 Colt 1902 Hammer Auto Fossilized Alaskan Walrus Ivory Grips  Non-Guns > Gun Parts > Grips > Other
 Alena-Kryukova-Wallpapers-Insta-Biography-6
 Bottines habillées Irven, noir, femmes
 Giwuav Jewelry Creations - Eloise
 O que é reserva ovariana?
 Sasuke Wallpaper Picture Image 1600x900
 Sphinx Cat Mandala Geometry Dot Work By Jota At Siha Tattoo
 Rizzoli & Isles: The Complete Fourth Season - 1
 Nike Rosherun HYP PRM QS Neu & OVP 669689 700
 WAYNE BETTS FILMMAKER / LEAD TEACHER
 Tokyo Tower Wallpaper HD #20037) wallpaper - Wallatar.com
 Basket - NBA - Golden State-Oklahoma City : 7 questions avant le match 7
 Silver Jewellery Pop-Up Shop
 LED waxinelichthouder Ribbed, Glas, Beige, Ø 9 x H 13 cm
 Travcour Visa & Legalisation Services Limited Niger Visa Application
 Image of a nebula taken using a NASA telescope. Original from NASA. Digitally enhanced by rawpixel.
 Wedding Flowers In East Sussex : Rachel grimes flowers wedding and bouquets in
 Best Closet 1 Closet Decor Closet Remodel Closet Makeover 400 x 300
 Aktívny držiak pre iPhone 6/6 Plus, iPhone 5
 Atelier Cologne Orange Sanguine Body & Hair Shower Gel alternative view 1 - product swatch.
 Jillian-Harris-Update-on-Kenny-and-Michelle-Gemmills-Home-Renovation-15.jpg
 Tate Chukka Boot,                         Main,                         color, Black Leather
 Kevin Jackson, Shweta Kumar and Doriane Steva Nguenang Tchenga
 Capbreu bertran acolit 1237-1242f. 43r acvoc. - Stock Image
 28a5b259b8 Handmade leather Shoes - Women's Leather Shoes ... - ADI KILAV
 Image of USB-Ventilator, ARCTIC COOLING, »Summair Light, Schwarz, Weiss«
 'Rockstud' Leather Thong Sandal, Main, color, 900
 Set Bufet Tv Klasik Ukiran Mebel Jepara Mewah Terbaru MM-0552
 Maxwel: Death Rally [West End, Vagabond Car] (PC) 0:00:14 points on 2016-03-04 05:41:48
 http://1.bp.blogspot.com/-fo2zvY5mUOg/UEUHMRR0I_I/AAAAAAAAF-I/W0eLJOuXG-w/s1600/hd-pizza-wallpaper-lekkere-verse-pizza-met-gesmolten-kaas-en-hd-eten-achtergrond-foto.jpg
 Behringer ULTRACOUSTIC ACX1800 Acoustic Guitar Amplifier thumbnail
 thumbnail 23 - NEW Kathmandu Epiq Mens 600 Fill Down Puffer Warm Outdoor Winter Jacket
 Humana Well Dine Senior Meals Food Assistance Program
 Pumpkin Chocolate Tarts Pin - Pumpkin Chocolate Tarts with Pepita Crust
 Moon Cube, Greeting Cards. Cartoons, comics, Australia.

*BRIEF*
Provide only the count of lines in the data above that include the string "Leather".

*RESULT OF THE EXERCISE*
3